Compared with placebo, FDC demonstrated no evidence of a difference in exacerbations requiring steroids or antibiotics, or both (OR 0.82, 95% CI 0.60 to 1.12; 2 trials, 1960 participants; moderate-certainty evidence) or hospital admissions due to severe exacerbations (OR 0.55, 95% CI 0.25 to 1.18; 2 trials, 1960 participants; moderate-certainty evidence), although estimates were uncertain. Quality of life measure by SGRQ total score was significantly better with FDC compared to placebo (MD –2.91, 95% CI –4.33 to –1.50; 2 trials, 1823 participants) resulting in a corresponding increase in SGRQ responders who achieved at least four units decrease in SGRQ total score (OR 1.72, 95% CI 1.39 to 2.13; high-certainty evidence) with an NNTB of 7 (95% CI 5 to 12).
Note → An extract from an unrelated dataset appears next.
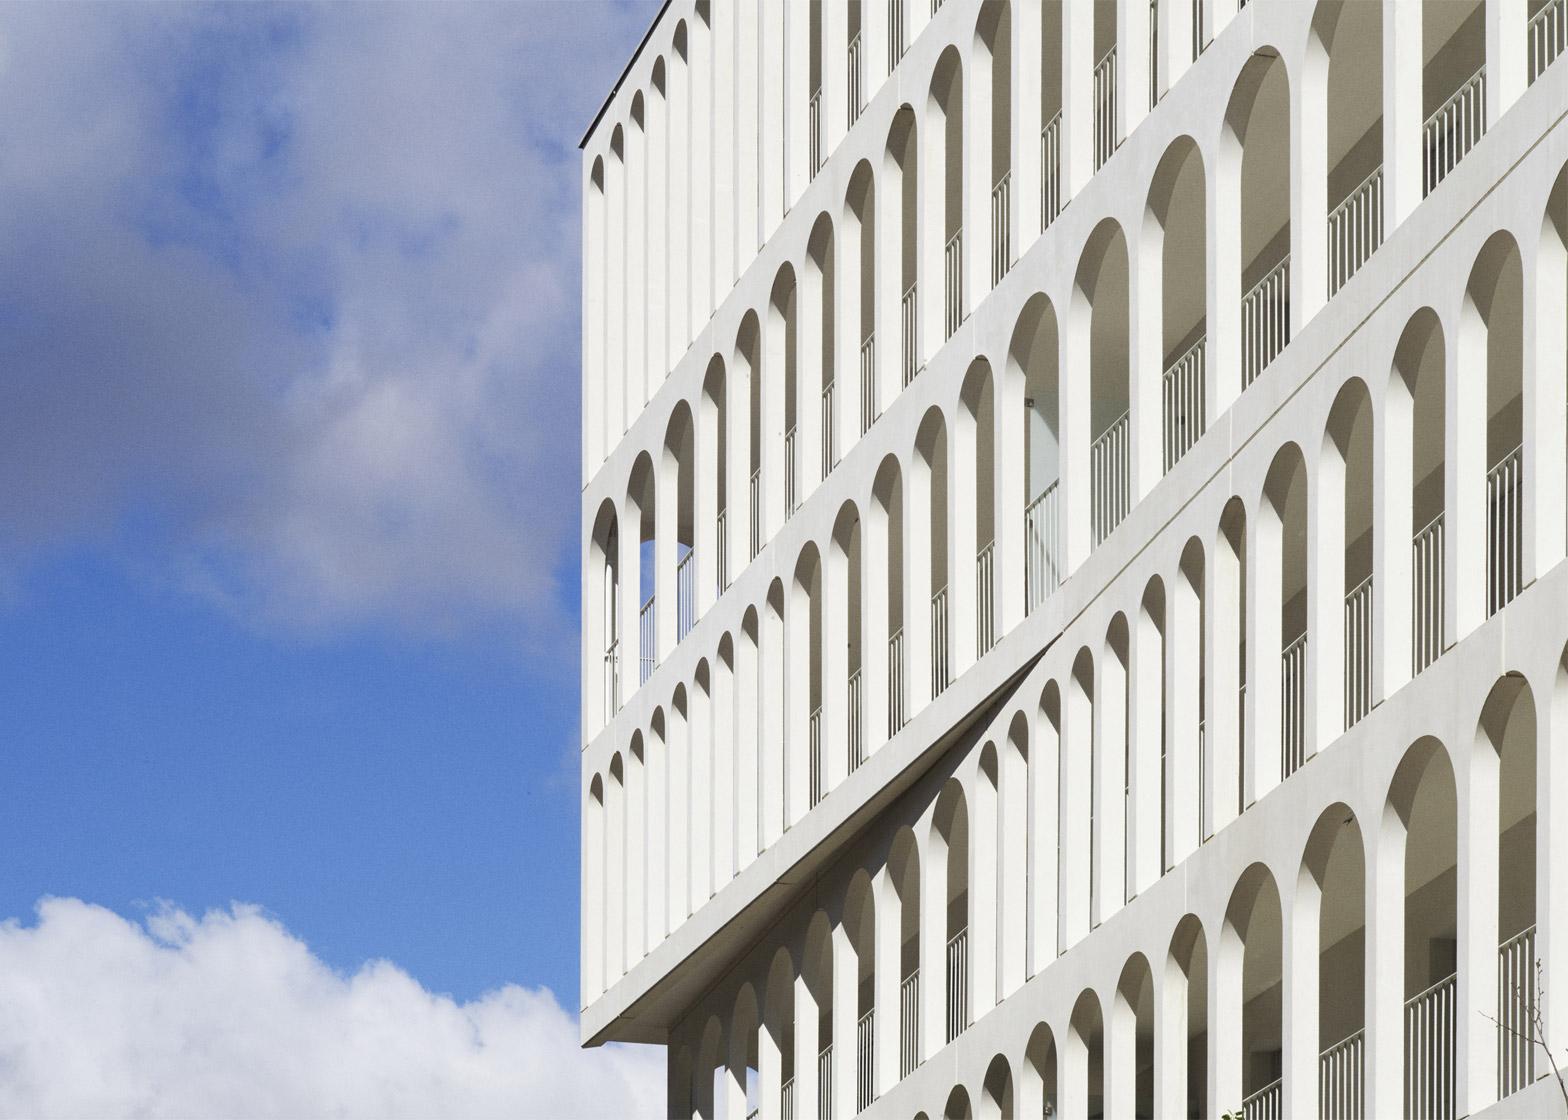 Photograph by Julien Lanoo of Arches Boulogne by Antonini Darmon, a social housing scheme in Paris, France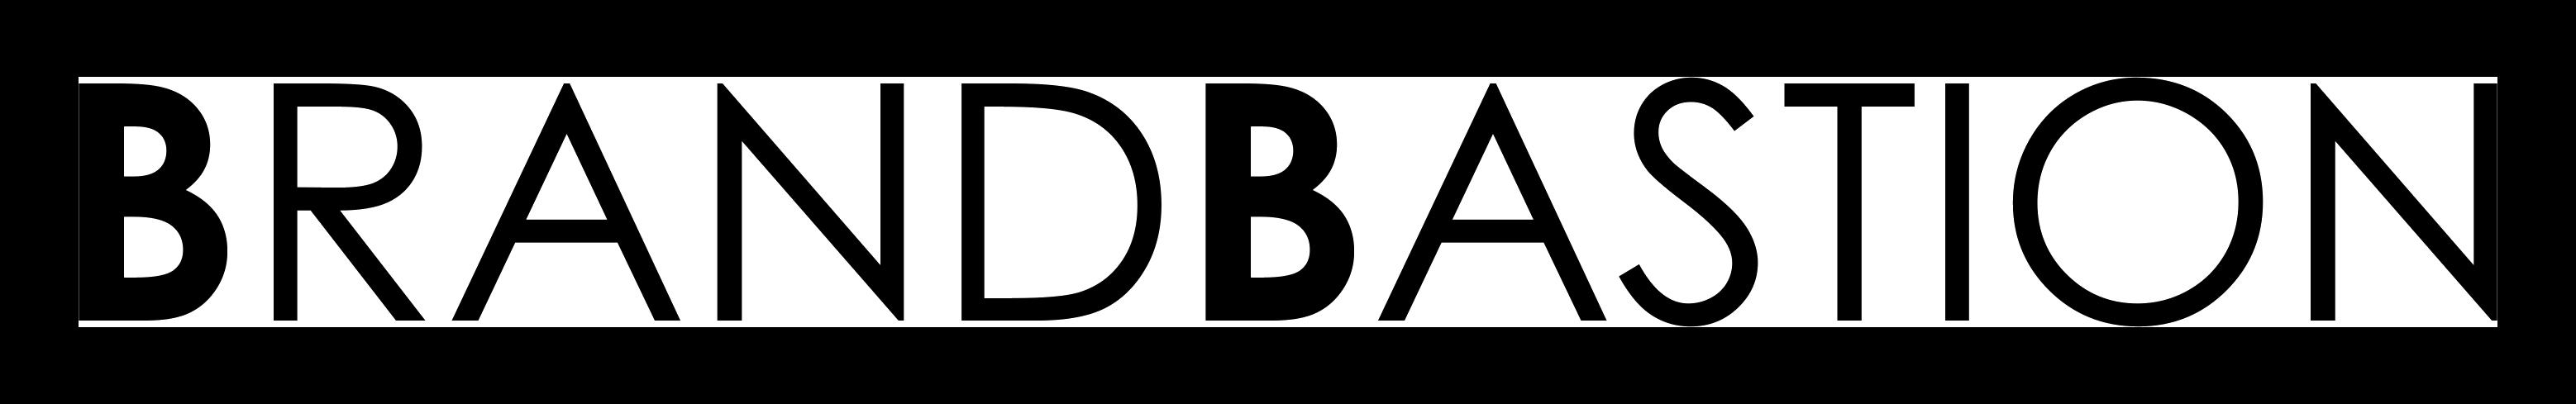 BrandBastion_logo_transparent-1

FDC also improved symptoms measured by TDI focal score (MD 1.32, 95% CI 0.96 to 1.69; 2 studies, 1832 participants) with more participants attaining at least one unit improvement in TDI focal score (OR 2.51, 95% CI 2.02 to 3.11; high-certainty evidence; NNTB 4). There were no differences in non-fatal SAEs, adverse events and all-cause mortality between FDC and placebo.

Combination therapy significantly improved trough FEV1 compared to aclidinium, formoterol or placebo.